Hello i wonder if anyone could help me i posted this before but it hasnt shown up on the forum .

I have a 42PFL7623D/10 ambilight tv that i am having a problem with . Im wanting to turn the bass off completely as i live in a flat and have neighbors below me . I have tried turning the sliders on the equalizer all the way down to no avail.

I have also upgraded the software firmware to the latest via usb which hasnt changed . The thing is on default settings its good sound dont get me wrong i like the bass but it would be nice to turn it off completely at night which so far i have been able to do . when i turn the levels down it does reduce the bass but im wanting to completely kill it for night time say for if i want to watch a dvd . 

I was thinking is the only option buying some external speakers and having them as my main source of audio output so i could maybe change the bass level of them?

Any help would be great , I have added a link to the picture of the connection the tv has . Thanks in advance

https://www.dropbox.com/sc/8zinrfujo9ws4fu/AABBfThPu6myASqr7aM5Ehjua


----------



## JimE (Apr 16, 2009)

You can't completely remove bass using standard controls without totally ruining sound quality. Even a normal speaking voice of a man has "bass". So removing all bass from the audio could actually remove vocals. 

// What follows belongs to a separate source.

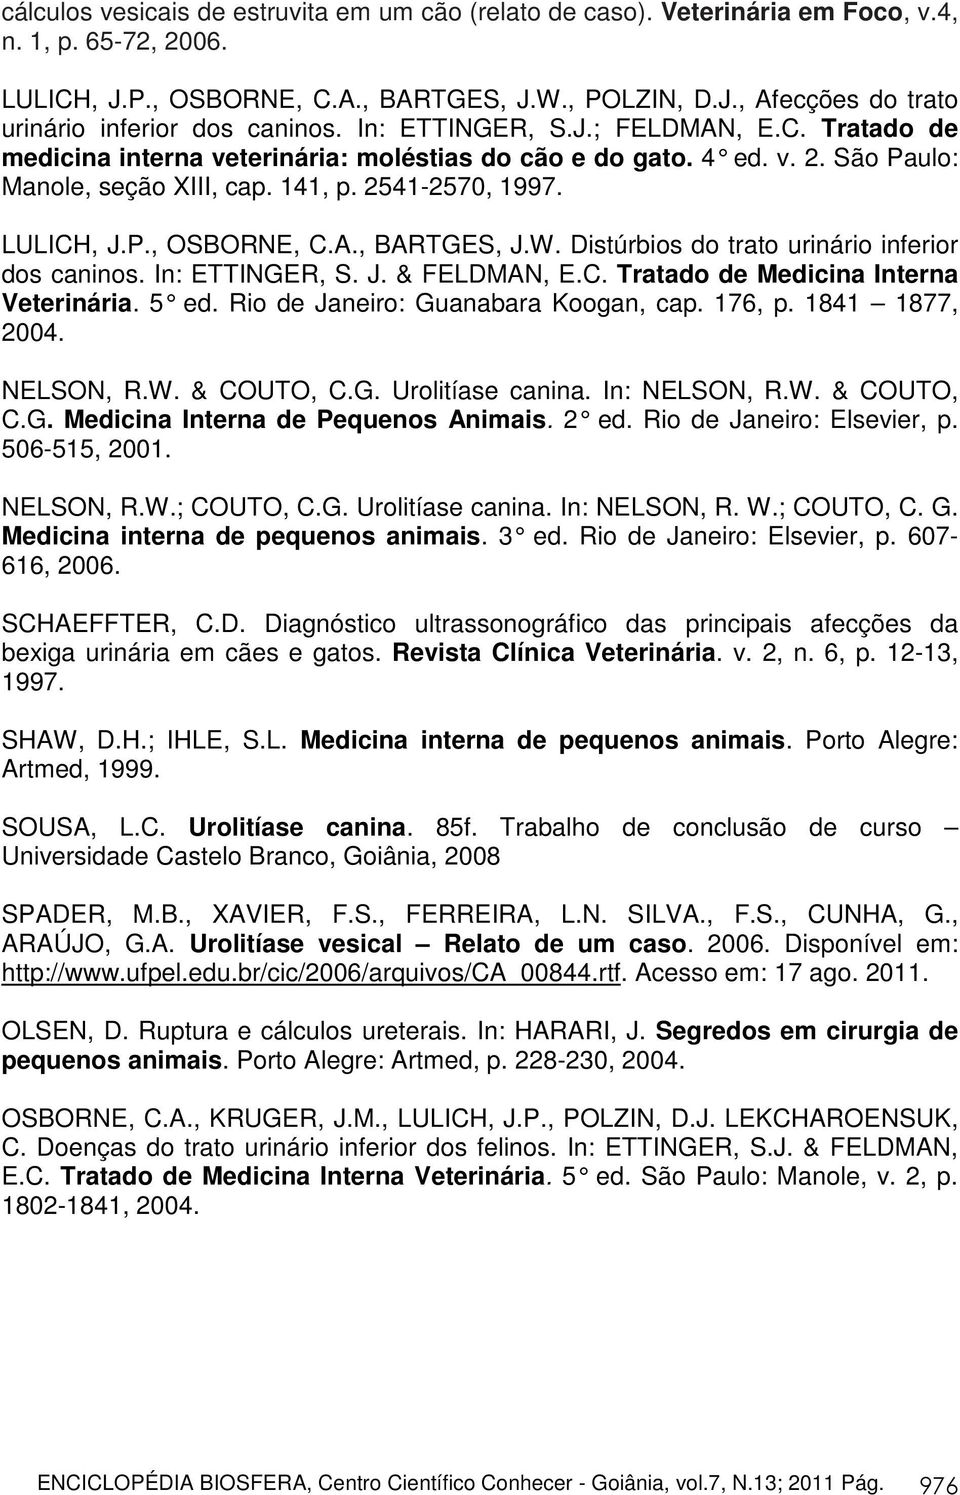 A., BARTGES, J.W. Distúrbios do trato urinário inferior dos caninos. In: ETTINGER, S. J. & FELDMAN, E.C. Tratado de Medicina Interna Veterinária. 5 ed. Rio de Janeiro: Guanabara Koogan, cap. 176, p.

TV's generally have really crappy speakers anyway, much less produce a large amount of bass (at least none that I've used, and not at moderate to low volume). The biggest control is the volume. Unless you have the volume cranked really high, I don't see how your neighbors can have anything to complain about.

You could use headphones. Most TV's have a headphone output.


----------



## WereBo (Apr 5, 2008)

If the TV is free-standing, a sort of working 'botch'-job would be to sit the TV on a block of foam (either foam-rubber or styrofoam), as long as it's stiff enough to support the weight without the TV falling over - 1"-1.5" should be thick enough to dampen the bass from the furniture/floor to the neighbours :wink:

Also, does the TV have 'preset' sounds i.e. 'Movie', 'Standard', 'Clear-Voice' etc? If present, the 'Clear-voice' should reduce the bass enough to hear the TV talking, without the neighbours listening in.


----------